# Goodman GMH95 Intermittent problem



## mattyb (Oct 30, 2010)

Hello all,
I did a self install of the GMH95 furnace. Actually myself and another guy did it. I'm now running into an issue only after the furnace has run for about a half an hour. Here's what happens. During the half hour time period the unit might go through 4 calls for heat in which it performs the heating cycle exactly as described in the manual. It then hits a certain point which makes me think this is somehow temperature related. The t-stat will call for heat. The induced induction blower starts, the igniter switches on, valve opens and the burners light, it will then "flame out". It then gets stuck in this loop of trying to light to satisfy the call for heat. This same situation can happen even if the unit has been running. As I'm typing the furnace had been running for approximately 7 minutes, when I hear and feel the circulating blower cut out for a split second and burner flames have gone out. I've checked the rollout limit switches for continuity and they appear to be ok. The fuse on the control board is not blown and shows continuity as well. The furnace is level end to end and pitched slightly forward as indicated. Venting is not blocked and is per the manual. So I'm at a loss. Any ideas as to what this could be. Again, it only seems to happen after the unit warms up, which to me doesn't make any sense. It is hooked up to NG and both my dryer and water heater function perfectly.

Any help is greatly appreciated.


----------



## yuri (Nov 29, 2008)

Might not be draining the condensate properly/fast enough and building up in the secondary coil.
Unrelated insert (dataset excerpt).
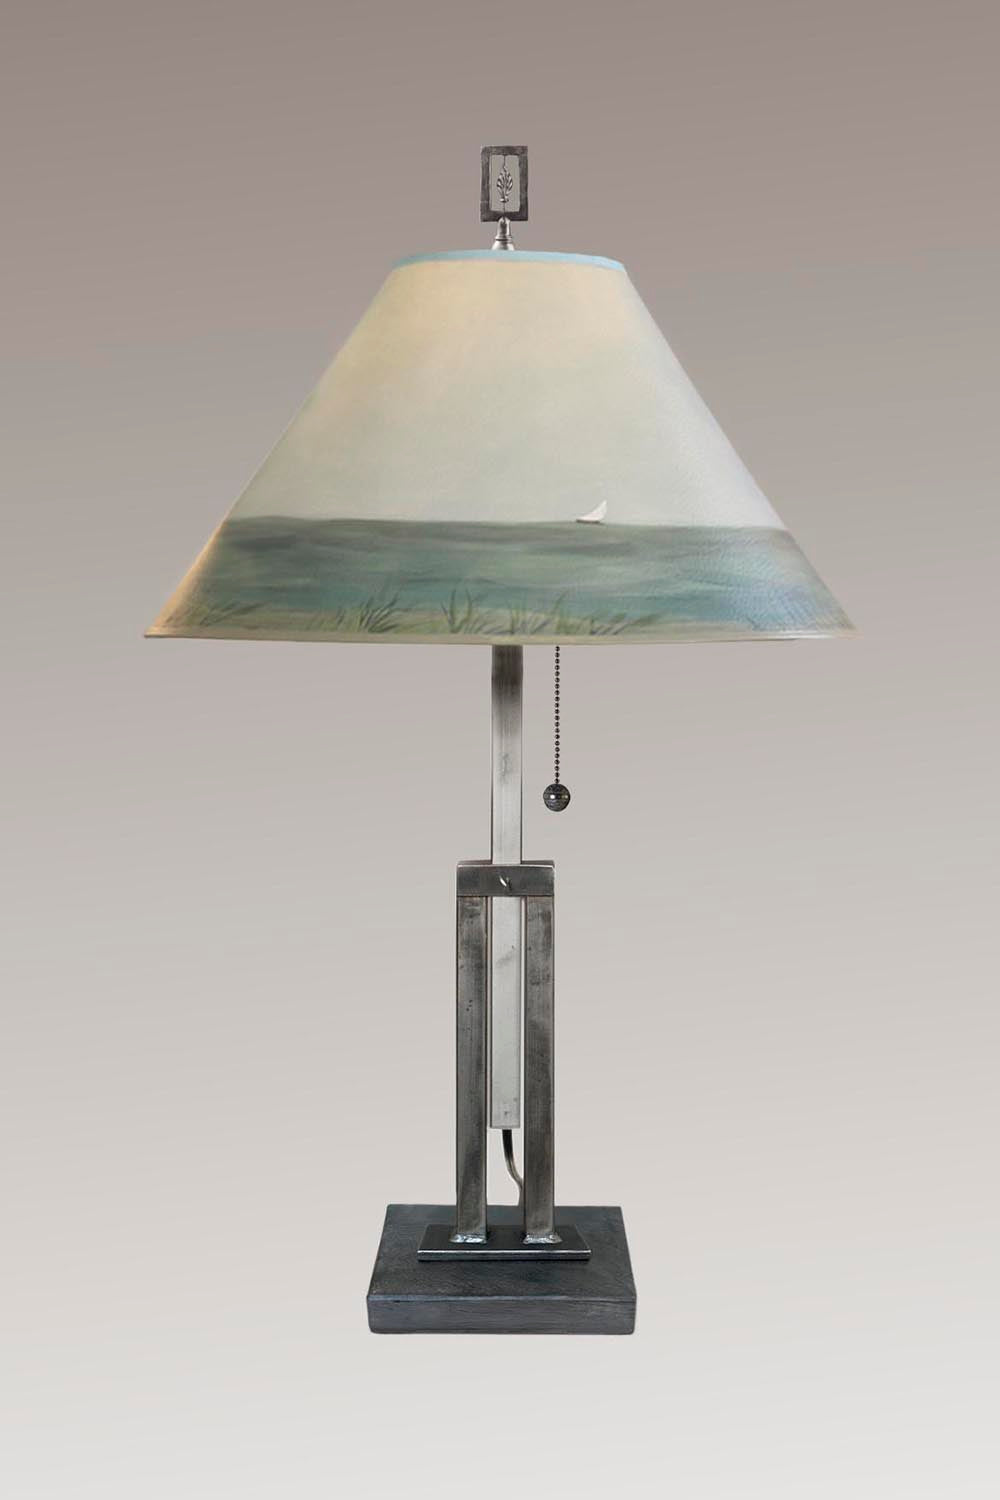 Janna Ugone & Co Table Lamps Adjustable-Height Steel Table Lamp with Large Conical Shade in Shore

Post some pics of it with the doors off and the condensate trap and drain line. May need a bit more elevation to the front.


----------



## mattyb (Oct 30, 2010)

I just raised the pitch of it a bit to see if that would help but same result. Here are the pics.


----------



## yuri (Nov 29, 2008)

When it stutters does the MAIN blower stutter or is it just the exhaust blower. Should not have 4 cycles in a half hour. 2 would be normal. Is the furnace properly grounded. Check from the electrical box inside the furnace to a copper water line with a cheater wire if necessary. Poor grounding can upset modern furnaces and their circuit boards. Try a new thermostat as it may be fluttering and causing that problem. That is a pretty good reliable furnace.


----------



## mattyb (Oct 30, 2010)

I had thought it was just the circulating blower that cuts out but it's both blowers. Both of the t-stats are brand new and it doesn't matter which one calls for heat, the furnace does the same thing. The reason for so many calls for heat in a short period of time is because my house is 107 years old and is brick with no insulation. The furnace will bring it up to temp. quickly, but I lose the heat pretty quickly as well. If the inside temp has been stable for a while the furnace kicks on far less.


----------



## mattyb (Oct 30, 2010)

Could this be a faulty valve? Should I shut the gas off and disconnect the line and check the valve to make sure that everything is clean inside?


----------



## yuri (Nov 29, 2008)

Did you check the grounding? Something is aggravating the circuit board and causing it to dropout. Make sure the furnace is grounded properly and you have at least 110 volts to it. Sounds like you got power supply problems to it and the board is getting low voltage and heating up. Is the wiring up to modern standards in your house. No extra loads on the furnace circuit. You may have a bad or floating neutral connection in the panel/house. My bud Beenthere knows about some issue with improper neutrals we discussed earlier I believe and should be around here later.


----------



## mattyb (Oct 30, 2010)

Grounding is good. When we installed it we put all new wiring in. And that's one thing I trust because the guy who helped me is an electrician. I just pulled the gas piping to check the valve and it looked good. The only other thing I see in the manual good be the primary limit switch. It might not be getting enough cool air over the heat exchanger and it keeps tripping the system.


----------



## hvac122 (Dec 10, 2007)

Is your temperature rise withen limits?


----------



## mattyb (Oct 30, 2010)

As of right now, yes. I was only able to run it for about 4 minutes before it started acting up again. For Celsius, the range is 19-36 degrees and it fell at 30 degrees. But, I don't know if I would be pushing close to the limit if it ran for the full 10 minutes like the manual states. I'm going to let the unit sit overnight and try it again tomorrow.


----------



## Marty S. (Oct 31, 2009)

Are the vents sloped and supported properly? Sounds like a pressure switch bouncing.


----------



## mattyb (Oct 30, 2010)

Yep. I had questioned whether or not the exhaust vent was so I trimmed the pipe that connects to the furnace which gave it a bigger slope. But all pipes or secured.


----------



## kenmac (Feb 26, 2009)

sounds like cycling off on high limit due to low air flow. Unit should stay on until t. stat is satisfied. Put a vm on the limit & see if it's turning off on limit


----------



## mattyb (Oct 30, 2010)

@kenmac
I did some more experimenting and found that there was not enough return air flow. After that was corrected, I ran into the issue of when only one zone called for heat, the furnace started to go through it's issue of tripping. The temperature rise during only one zone calling for heat was out of range. It looks like all I have to do is adjust the fan speed and I should be good.


----------



## Plumber101 (Feb 25, 2009)

Curious at to what you took out and what you installed BTU and effeciency

If you took out a 100K BTU 65% Did you install a 100K BTU 95% or a 80K BTU 95%. From the pics it looks like a 100 or 125K. Not many houses that I install take a furnace that big at 95% AFUE

Just corious to see if you are over sized, if you are it could be MAJOR duct resizing or change out the furnace again. 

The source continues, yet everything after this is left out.